# Castleford Pipe Pouches



## Hawnted (Oct 20, 2009)

I have done a little research on pipe pouches. Seems the consensus is that Castleford are the best. Does anyone have any experience with the 2 vs 4 pipe pouches? Which one would be the better bet?


----------



## Blaylock-cl (Apr 28, 2006)

I chose the 4 over the 2. I don't always carry 4 pipes, but it's got plenty of room for tobacco and accessories.


----------



## Hawnted (Oct 20, 2009)

Blaylock said:


> I chose the 4 over the 2. I don't always carry 4 pipes, but it's got plenty of room for tobacco and accessories.
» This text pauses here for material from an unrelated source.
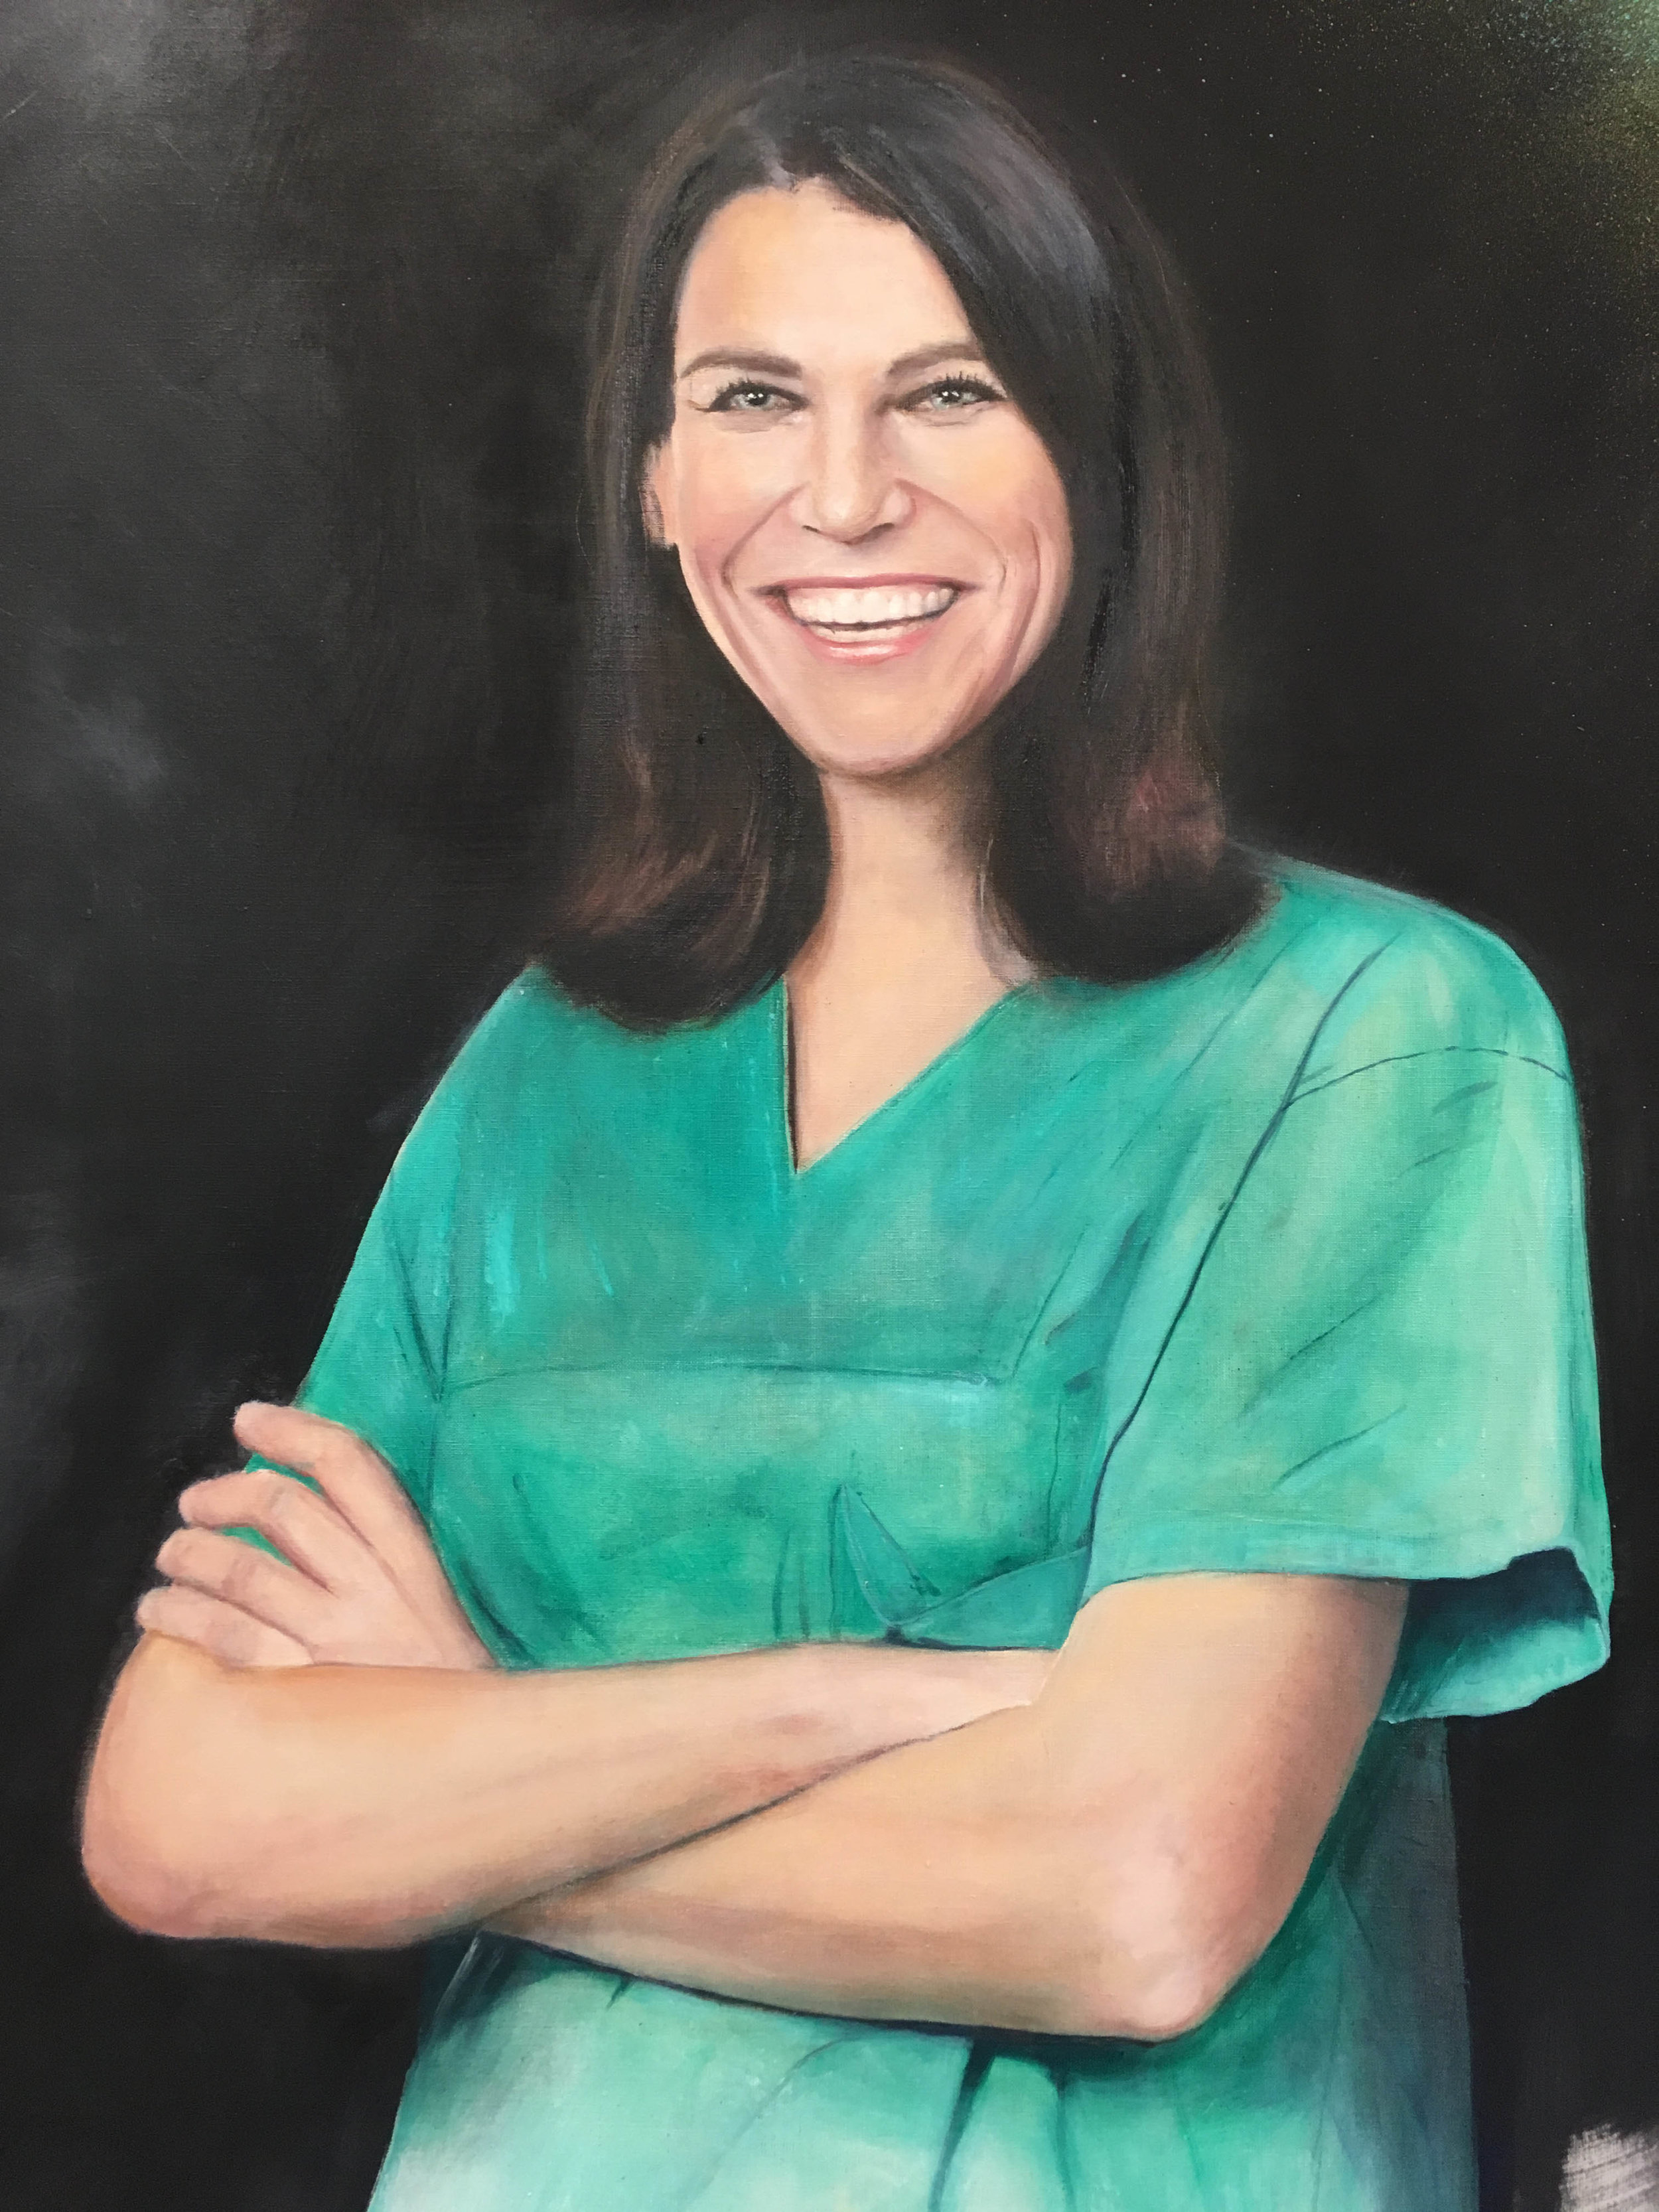 Ms Marion Kiechle

I am assuming the 4 pipe pouch would not fit in a pocket. Would the 2 pipe pouch?


----------



## Pugsley (Jul 12, 2009)

I don't know about those but I have a Mac Baren 2 pipe combination pouch and I love it. Has pockets to carry everything I need and even has a removable tobacco pouch. It's made of really nice soft leather, not plastic. Got it at 4noggins for $33.


----------



## Reverie Forest (Mar 31, 2009)

I've got the same one as Pugsley. An excellent pouch I'd highly recommend.
And there's certainly no way you could fit the pouch into your pocket, unless it may be a very large jacket pocket, but that's not what they're made to be done with - just a way to tote around your consolidated smoking items. The most masculine "purse" you'll ever carry ;-)


----------



## Blaylock-cl (Apr 28, 2006)

Hawnted said:


> I am assuming the 4 pipe pouch would not fit in a pocket. Would the 2 pipe pouch?


Correct. It measures 8"X6". More like a "murse"! :mrgreen:


----------



## Hawnted (Oct 20, 2009)

OK so basically either the Mac Baren 2 pipe combination or the Castleford Pouches. I had not seen the Mac Baren suggestion in the other threads I had read. Any advantage of those over the castlefords?


----------



## Pugsley (Jul 12, 2009)

Sorry, I can't make a comparison. I've never seen the Castleford in the flesh, but I'm very pleased with the Mac Baren and would recommend it highly. For the price it's a stunner.


----------



## Hawnted (Oct 20, 2009)

Pugsley said:


> but I'm very pleased with the Mac Baren and would recommend it highly. For the price it's a stunner.


Would it fit 2 bent pipes OK? Or only straight?


----------



## Pugsley (Jul 12, 2009)

Hawnted said:


> Would it fit 2 bent pipes OK? Or only straight?


Bent or straight, it will fit 2 pipes with no problem. I've done both.


----------



## Lefty (Jun 5, 2007)

Pugsley said:


> Sorry, I can't make a comparison. I've never seen the Castleford in the flesh, but I'm very pleased with the Mac Baren and would recommend it highly. For the price it's a stunner.


+1000 Great leather for the every day guy.


----------



## MarkC (Jul 4, 2009)

Even a simple roll up tobacco pouch would be too bulky for most of my pockets, but then I carry a purse. BACKPACK!! I mean backpack!


----------